В 1885 году, окончив школу, он поступил в Чузский университет в Англии, в котором учились его предки. Время от времени он ездил в Лондон или Люту – как процветающие, но не слишком утонченные британские переселенцы называли этот очаровательный и печальный жемчужно-серый город на другой стороне Ла-Манша.
Как-то зимой 1886/87 года, в уныло-промозглом Чузе, играя в покер с двумя французами и своим однокашником, которого назовем Диком, в изысканно обставленных апартаментах последнего в Сиренити-Корт, Ван заметил, что близнецы-французы проигрывают не столько потому, что безмятежно и безнадежно пьяны, сколько оттого, что милордъ оказался тем самым «кристальным кретином», как таких называл мистер Планкетт, – человеком множества зеркал, небольших отражающих поверхностей, разной формы и по-разному направленных, сдержанно мерцавших на часах или перстне, скрытых, как самки светляков в подлеске, на ножках стола, внутри манжеты или лацкана, и на гранях пепельниц, взаимозависимое положение которых Дик время от времени менял с нарочитой небрежностью, – любой знаток карточного дела сказал бы, что все это было так же глупо, как и избыточно.

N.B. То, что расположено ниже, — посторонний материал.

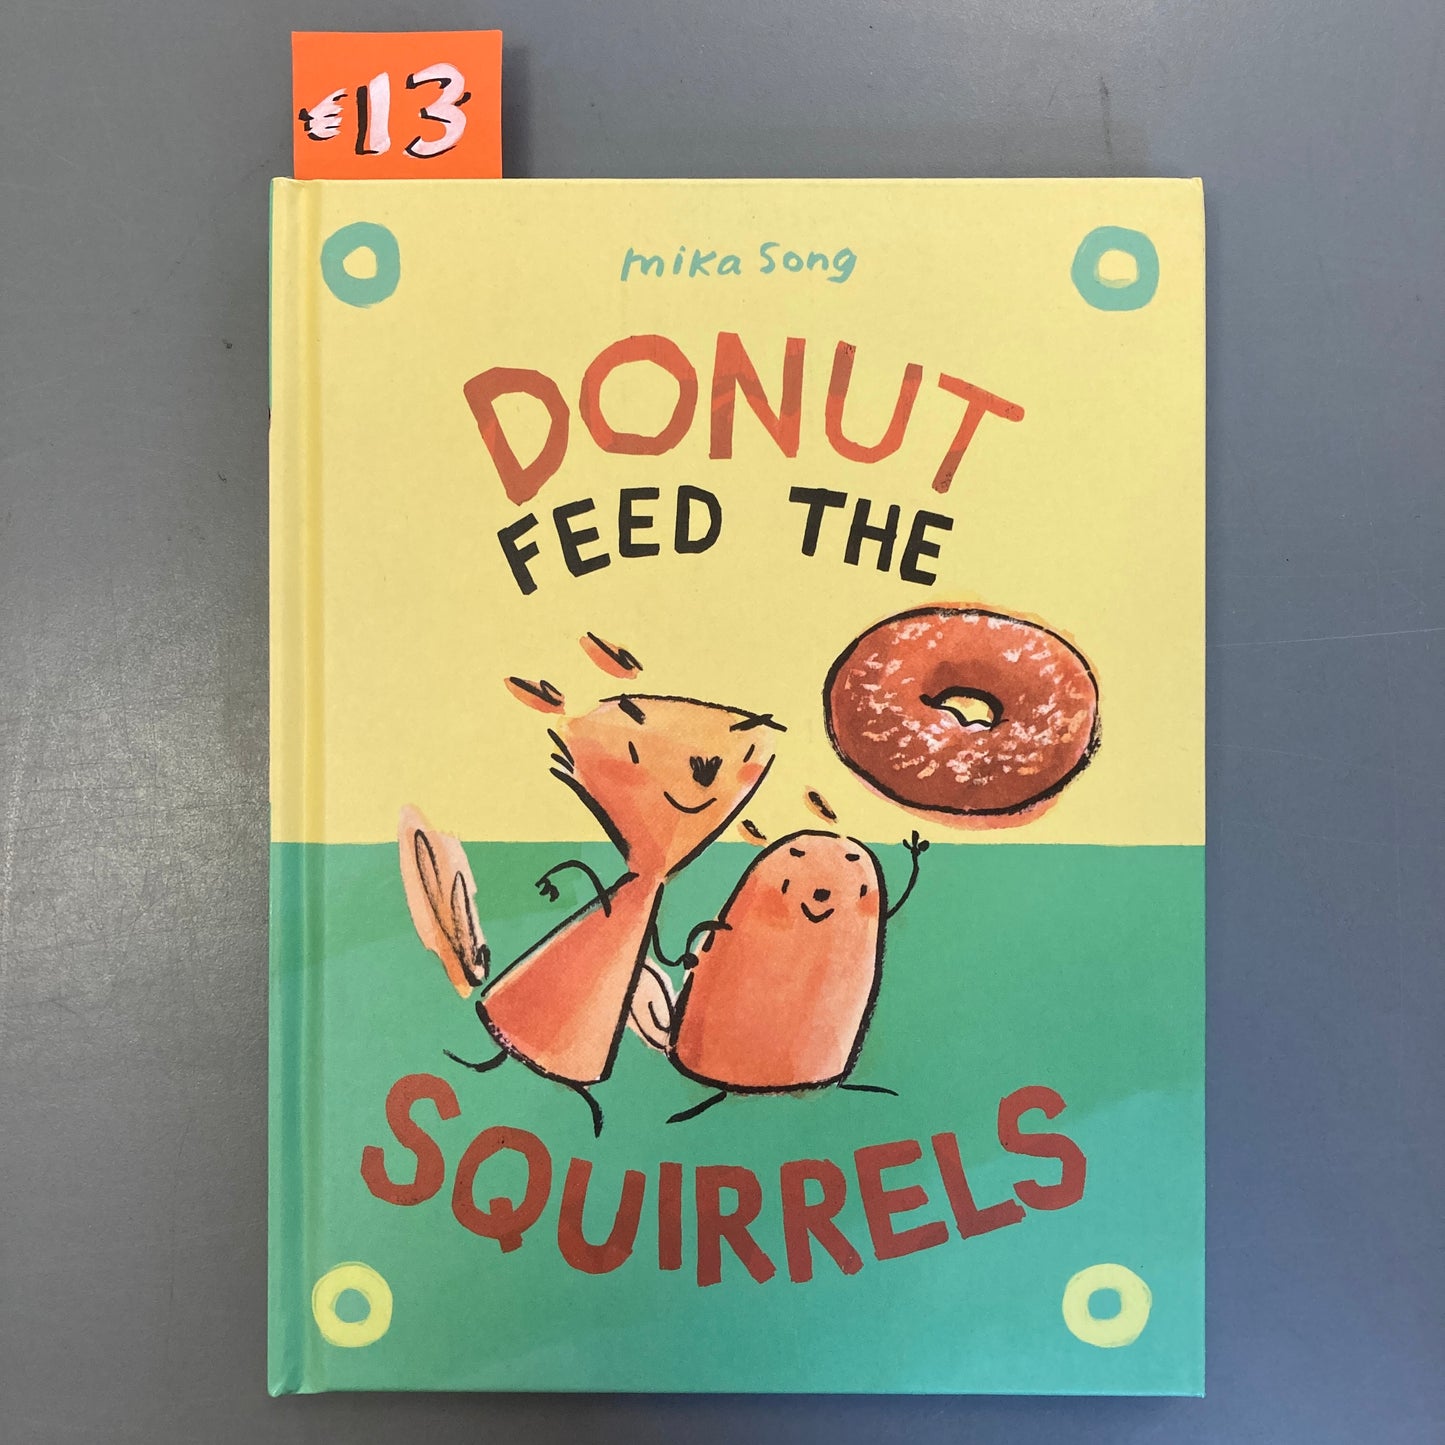 Donut Feed The Squirrels

Выждав некоторое время и проиграв несколько тысяч, Ван решил вспомнить кое-какие старые уроки. В игре наступил перерыв. Дик поднялся из-за стола и отошел в угол комнаты, к переговорной трубке, распорядиться, чтобы принесли еще вина. Несчастные близнецы, подсчитывая сумму проигрыша, превысившего потери Вана, передавали друг другу автоматическую ручку, большим пальцем щелкая кнопкой при каждом катастрофическом переходе. Ван опустил колоду в карман и тоже встал, поводя своими могучими затекшими плечами.

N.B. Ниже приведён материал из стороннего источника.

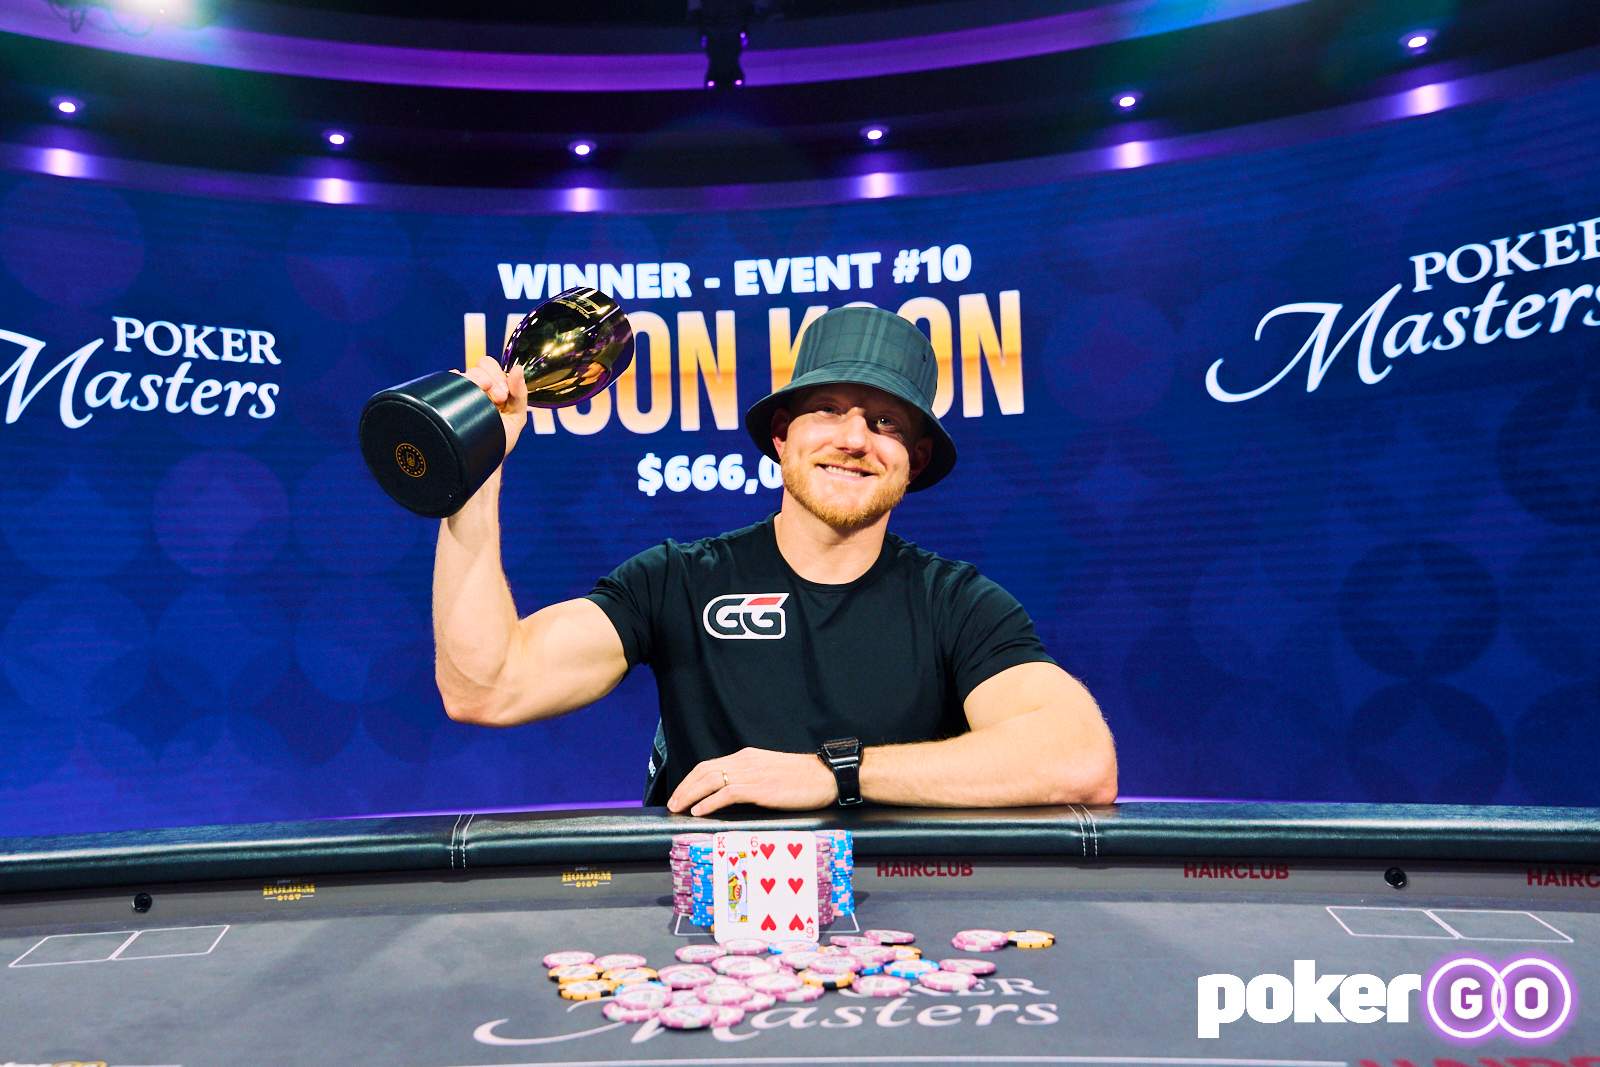 Jason Koon Wins Final Event of 2022 Poker Masters for $666,000

«Скажи-ка, Дик, – спросил он, – не знавал ли ты в Штатах игрока по имени Планкетт? Когда мы с ним были знакомы, он был плешивым седым малым».
«Планкетт? Планкетт? Должно быть, играл до меня. Не тот ли, который стал священником или вроде того? А почему ты спрашиваешь?»
«Один из приятелей моего отца. Великий артист».
«Артист? Художник, что ли?»
«Да, художник. И я художник. Полагаю, что ты и себя считаешь художником. Многие так думают».
«Что значит художник?»
«Нелегальная обсерватория», быстро ответил Ван.
«Что-то из нового романа», сказал Дик, бросая папиросу после нескольких жадных затяжек.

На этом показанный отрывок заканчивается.